» **INPUT DATA**:
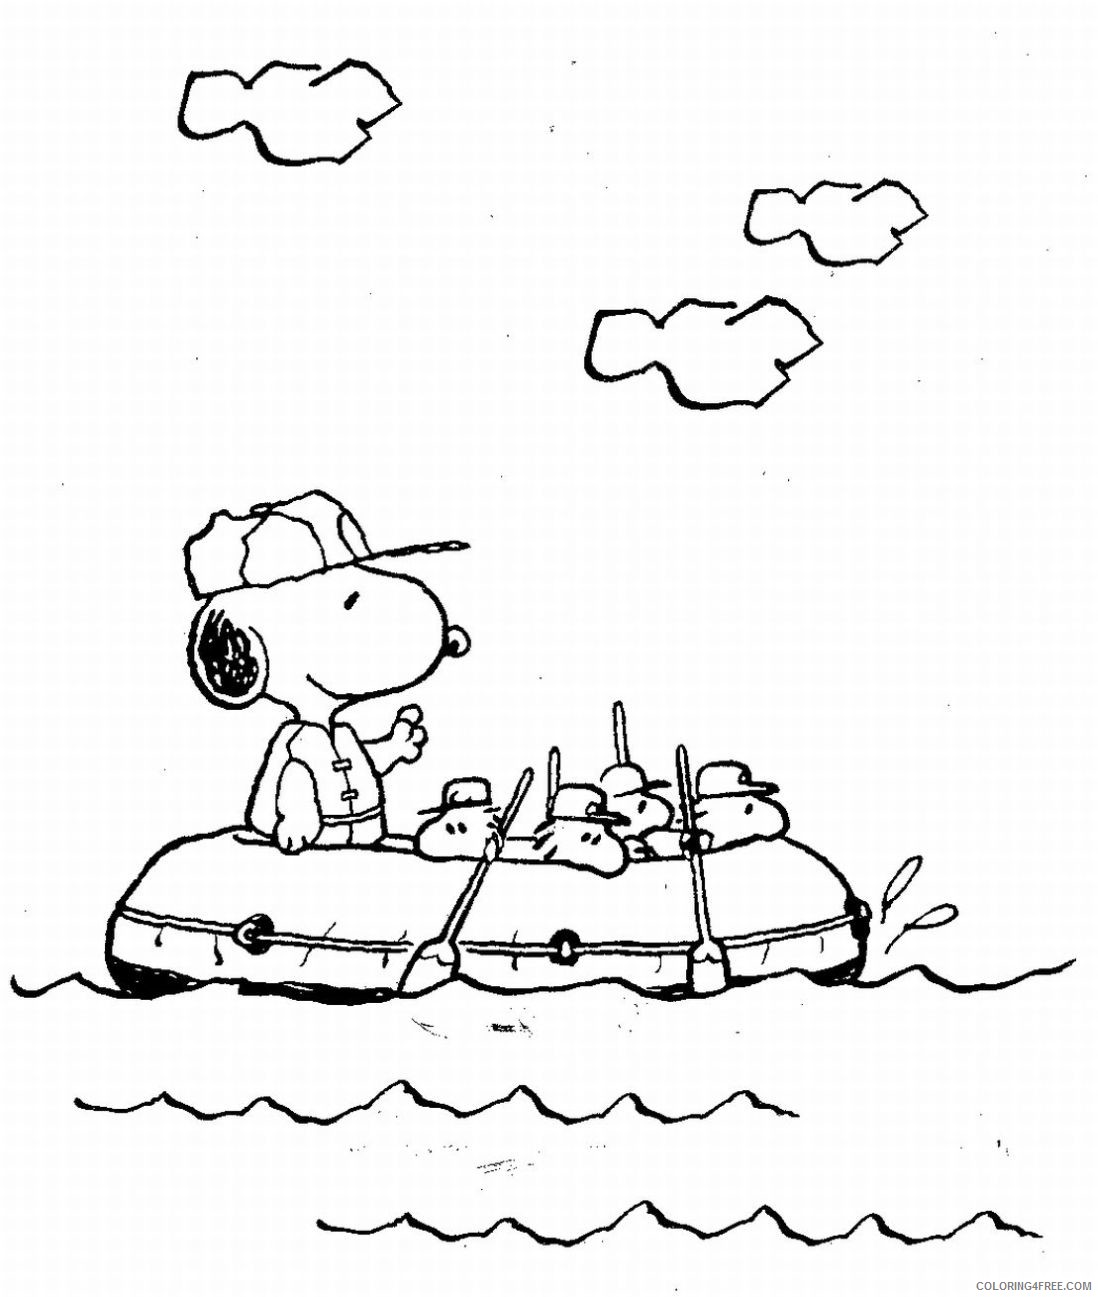 Snoopy Coloring Pages Cartoons Snoopy Dog Printable 2020 5690 Coloring4free
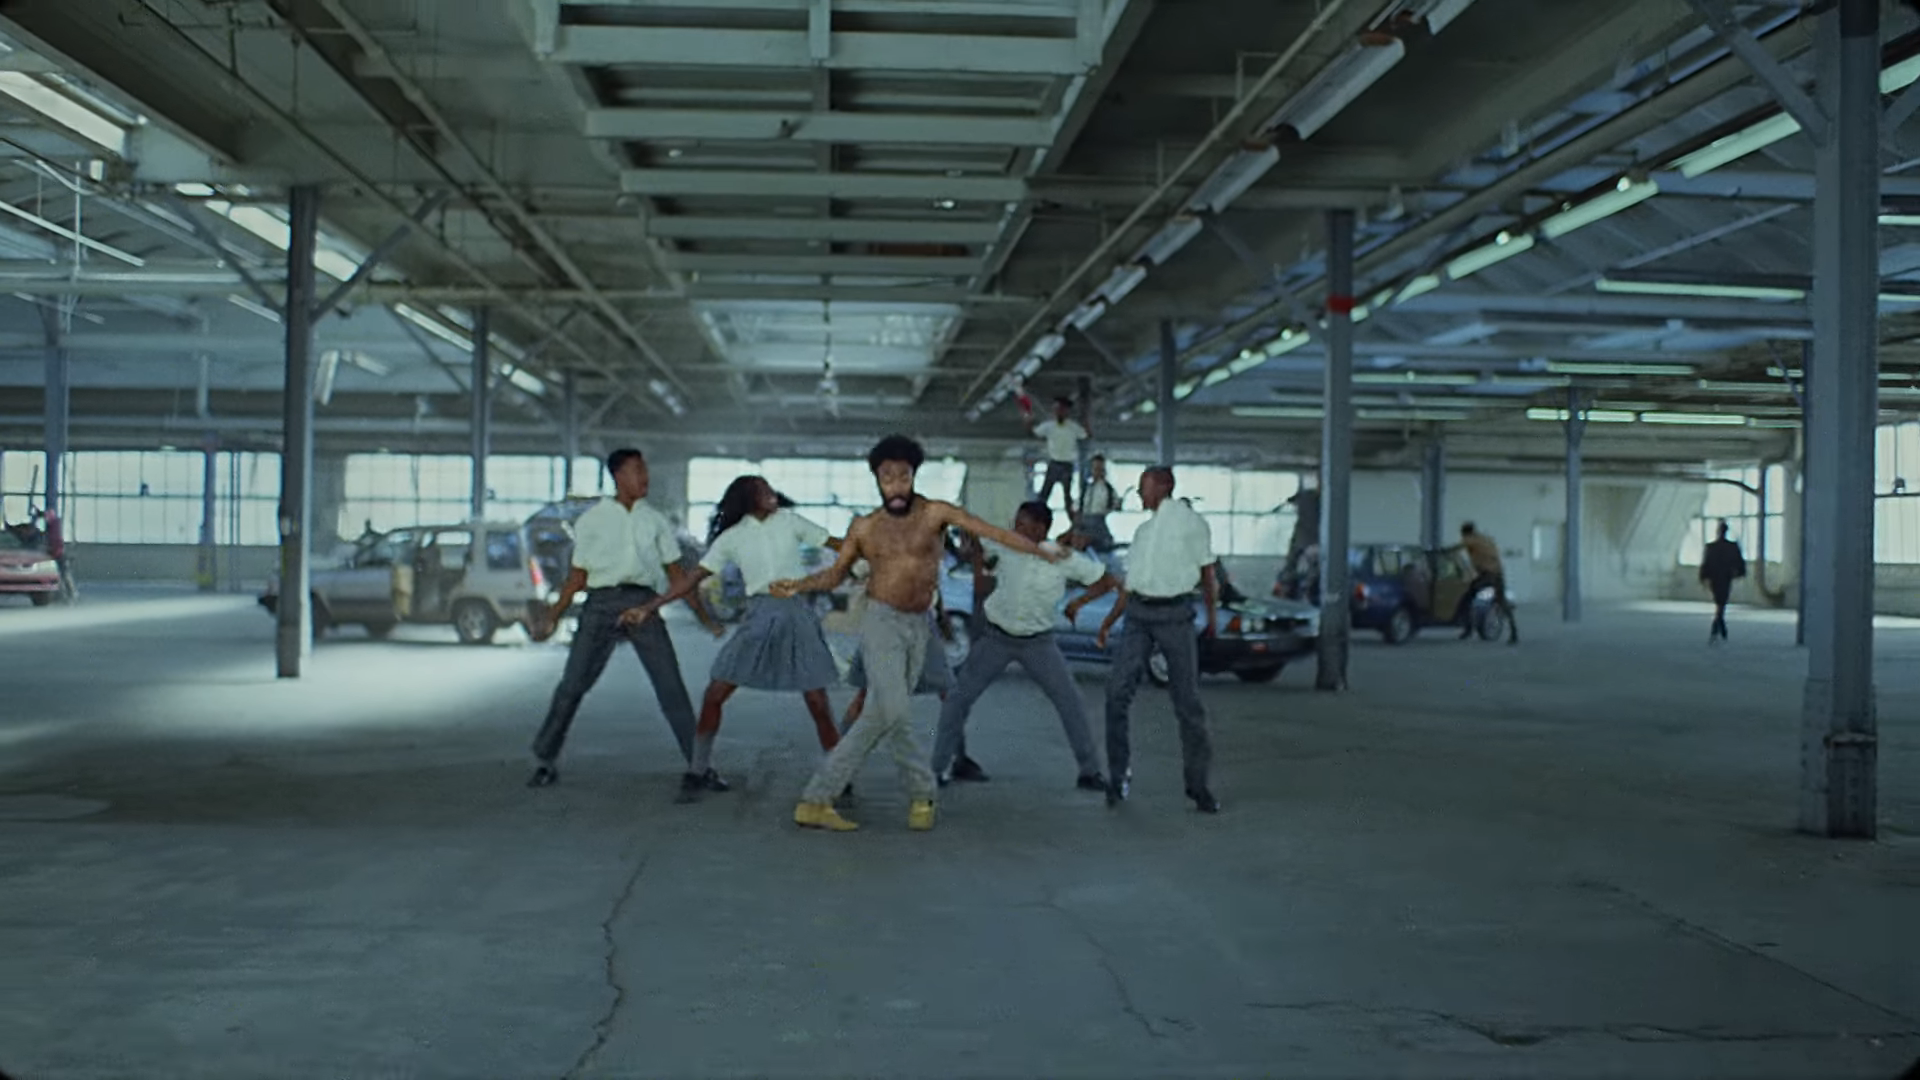 Why "This is America" Reached number 1
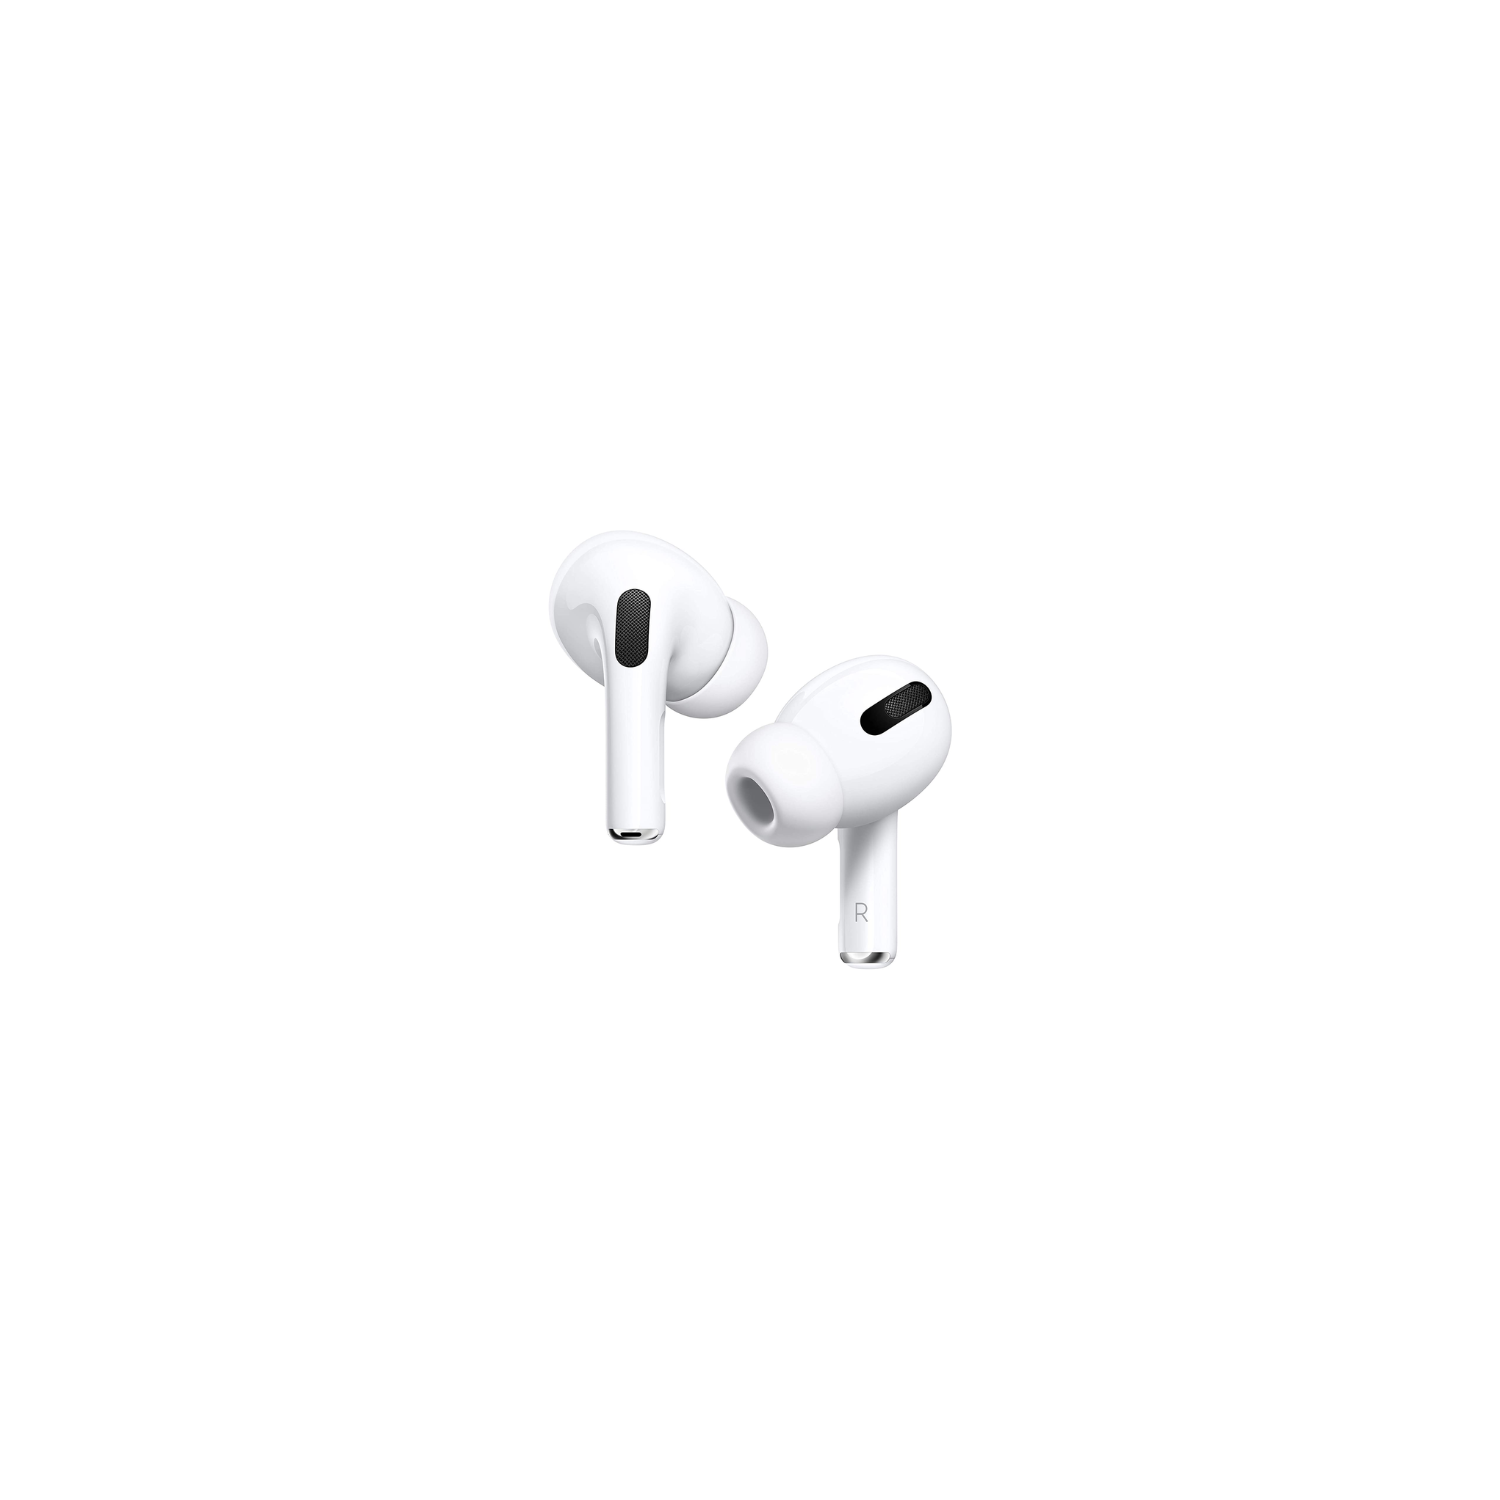 (Refurbished Good) - Apple AirPods Pro In-Ear Noise Cancelling Truly Wireless Headphones with MagSafe Charging Case

» **ACTIVITY**:
Your task is to repeat the data above exactly while excluding the pictures.

» **OUTPUT OF THE EXERCISE**:
 Snoopy Coloring Pages Cartoons Snoopy Dog Printable 2020 5690 Coloring4free
 Why "This is America" Reached number 1
 (Refurbished Good) - Apple AirPods Pro In-Ear Noise Cancelling Truly Wireless Headphones with MagSafe Charging Case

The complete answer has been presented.